E-World Zapping Paper Trail

I

n the paper-based world, life seemed simple. Armies of file clerks assured us there was a place for everything and everything was in its place. Large organizations often maintained central file rooms-some still do-and one could be reasonably assured that the organization's institutional memory resided, neatly tabbed and ordered, in one place.

Even the advent of computers didn't change things all that much, at least initially. The notion of ordering information according to some foreordained structure, now called files and records, was part of the new computer culture. Even keeping backup files and setting up disposition schedules was part of the orderly operation of data processing systems developed from the 1950s to the 1970s.

In the 1980s, use of information technology in the office shifted in a fundamental way. Word processors replaced typewriters, and more importantly, some documents existed only in electronic form. Then electronic mail began to replace paper letters and memos, and fewer of those communications found their way onto paper.

Keep the Filing Cabinet

Managers-federal managers in particular-have an obligation to preserve information for several reasons. The most immediate is operational necessity. In handling John Doe or Mary Smith's claim or request, it is helpful to have access to their earnings information, previous correspondence or other information relevant to the final decision. Today, that information pops up on a computer screen.

Beyond day-to-day operations, everyone in the economy deals with regulatory and enforcement requirements. As a general rule in the private sector, you may destroy records unless there is a requirement to retain them.
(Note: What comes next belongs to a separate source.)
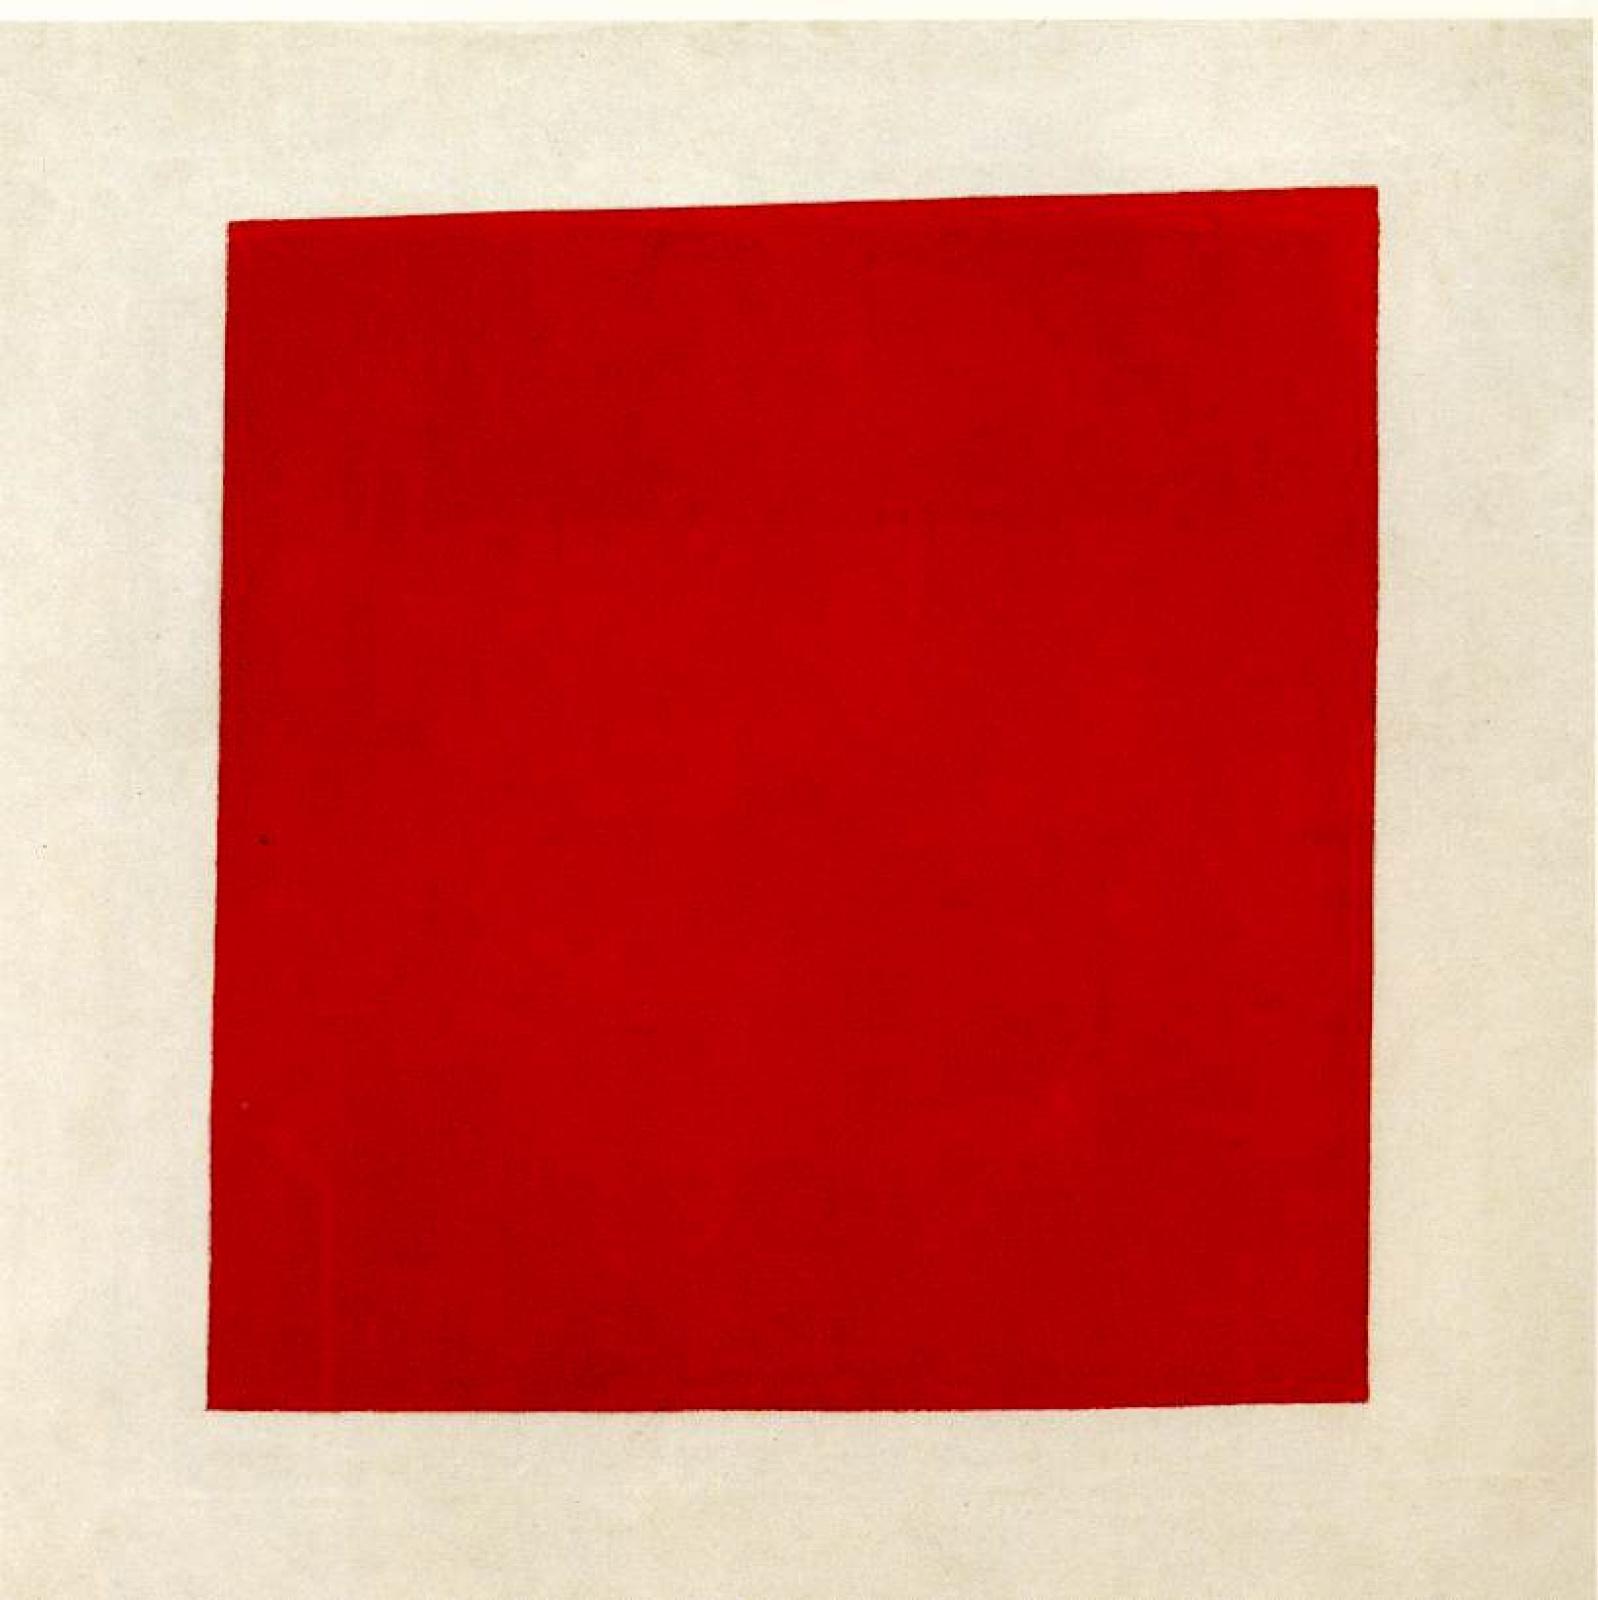 Казимир Северинович Малевич. Красный квадрат (Женщина в двух измерениях)

Federal managers, on the other hand, must presume the opposite. As a general rule, federal officials may not destroy a record (see your lawyer or records manager for the definition of a record) unless they are expressly authorized to do so by the Archivist of the United States. The Federal Records Act and related statutes rest on the premise that public servants have a special obligation to preserve and make accessible a clear record of what they do, to be accountable in the short run and to enlighten students and historians in the long run.
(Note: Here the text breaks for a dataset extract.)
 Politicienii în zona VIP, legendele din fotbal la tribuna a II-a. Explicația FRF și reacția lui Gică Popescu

In the first legal test of the shift to electronic records, a public interest group, the National Security Archive, sued the Reagan administration in connection with the Iran-Contra affair. The group argued the administration had an obligation to preserve electronic communications and subject them to the same guidelines as paper records. As a result of that litigation, the White House agreed to preserve all e-mail that was deemed record material. In the court's decision and subsequent consent decree, it dismissed the notion that the White House and Executive Office agencies could comply with the Federal Records Act (and the Presidential Records Preservation Act) by merely printing out e-mails it deemed to be records and putting them into paper files. The court recognized that the electronic record contains important additional information, such as who got the message and when it was sent, that would not be in the paper files.
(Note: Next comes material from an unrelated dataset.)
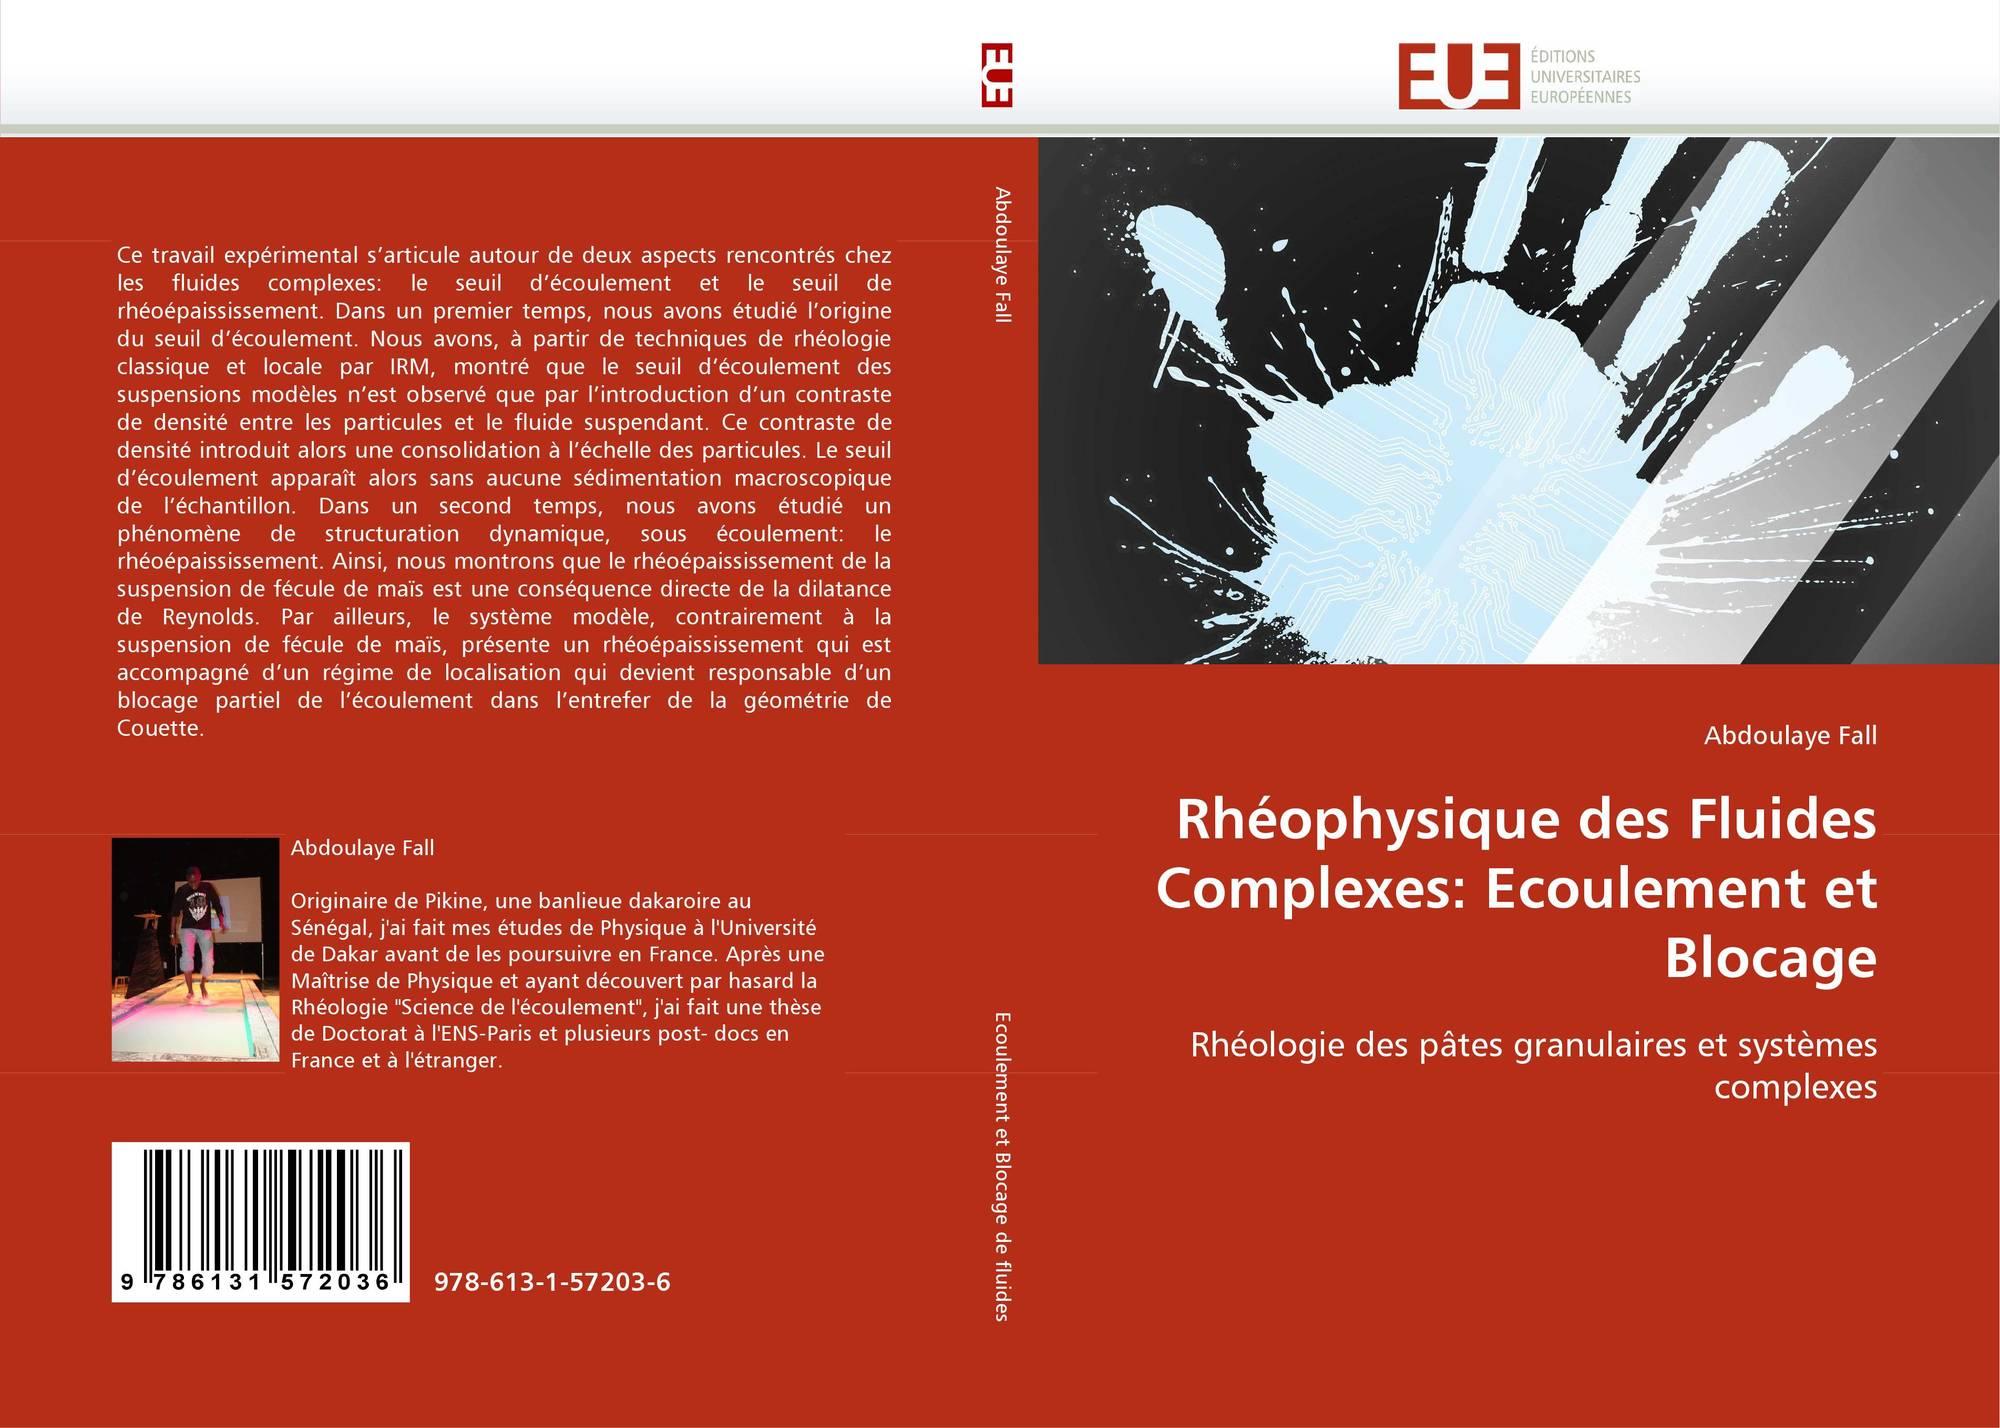 FLUIDES COMPLEXES PDF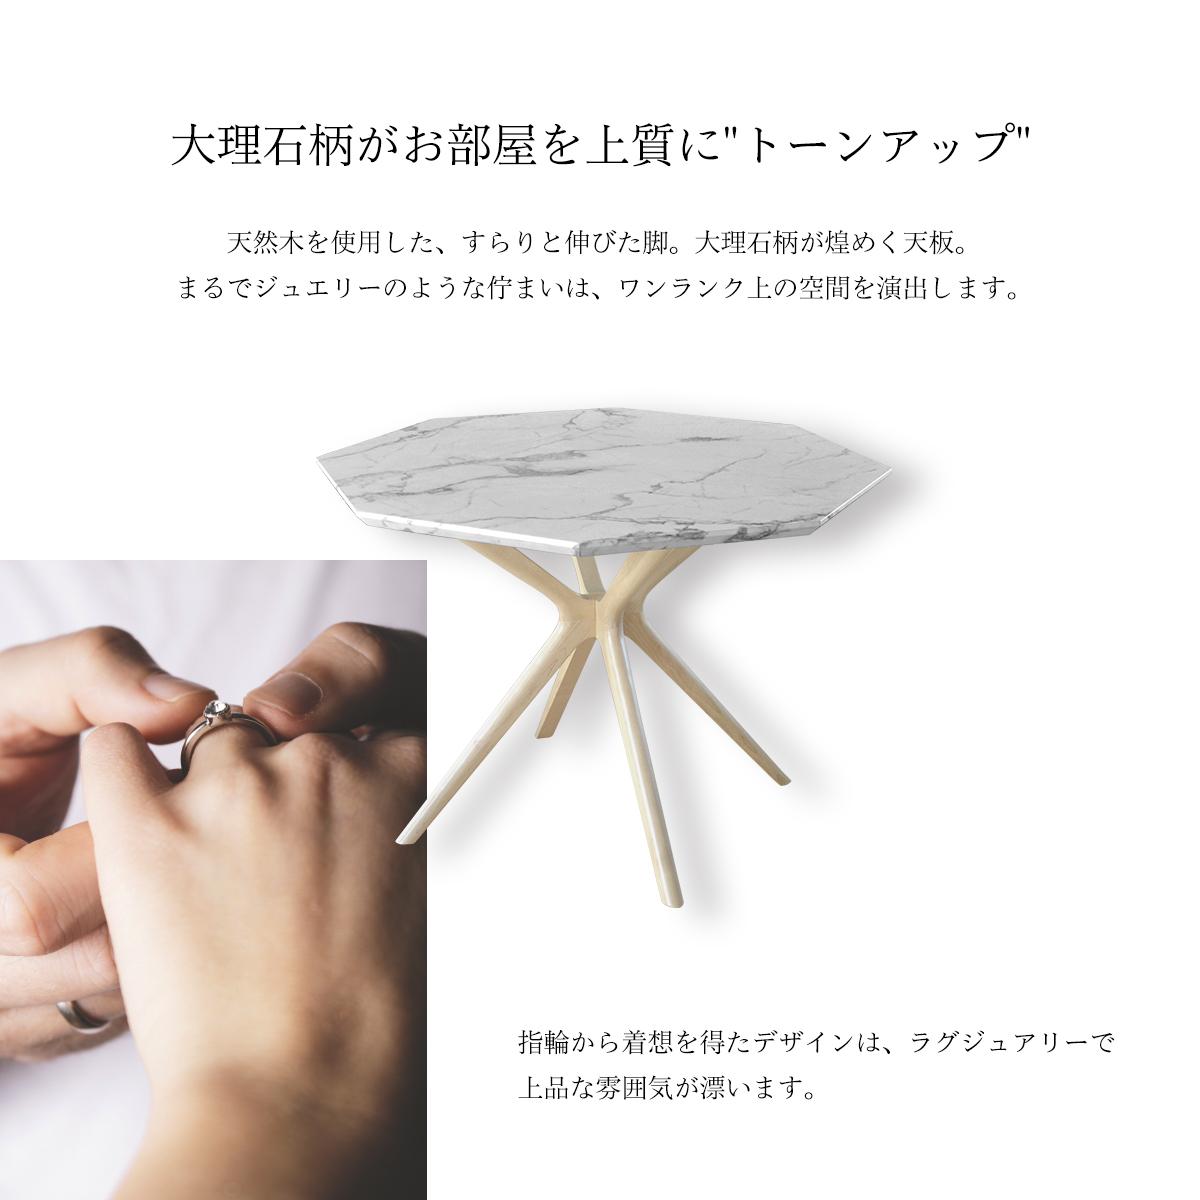 Collet ダイニングテーブル 幅110

While the National Security Archive case dealt only with electronic mail, its potential application to other electronic records such as word processing documents or spreadsheets is significant. Despite this apparent legal precedent, the National Archives and Records Administration issued regulations authorizing agencies to destroy electronic files if they printed out paper records. Not surprisingly, the courts quickly found those rules to be inconsistent with the law, and the Archives is regrouping. The agency formed an interagency working group and in late December announced a collaborative effort with the Defense Department to examine DoD's standard for electronic records management as a possible governmentwide model.

The management implications of electronic records are substantial. At a personal level, every federal employee should assume that any electronic communication will be preserved and available for review, unless exempted from disclosure.

Second, preserving electronic records is a significant and expensive job. Your computer staff is most likely backing up your files-the electronic equivalent of taking snapshots of each document-so they can be restored in case of a malfunction. But that does not meet the Federal Records Act requirement to keep files indexed and readily accessible.

Record-Setting Changes

As if the challenge of e-mail and the like were not enough, the Internet and World Wide Web raise a whole new set of issues. The National Archives is only beginning to grapple with records management at agency Web sites, which feature constantly changing information.

Another wrinkle in preserving information is the ever-changing media used to store it. How does the National Archives, which is ultimately responsible for all records "of sufficient historic or other value to warrant permanent preservation" keep up when information exists only on a medium that we no longer have the technology to read? This problem became real when the Defense Department learned that some of its records from the Vietnam War were stored on a form of microfilm it no longer had readers for.

While the underlying principles of records preservation remain unchanged, how all of this will work in the constantly changing electronic world is less obvious.

Franklin S. Reeder heads The Reeder Group, a Washington-based consulting firm, after more than 35 years in government at the Executive Office of the President and OMB.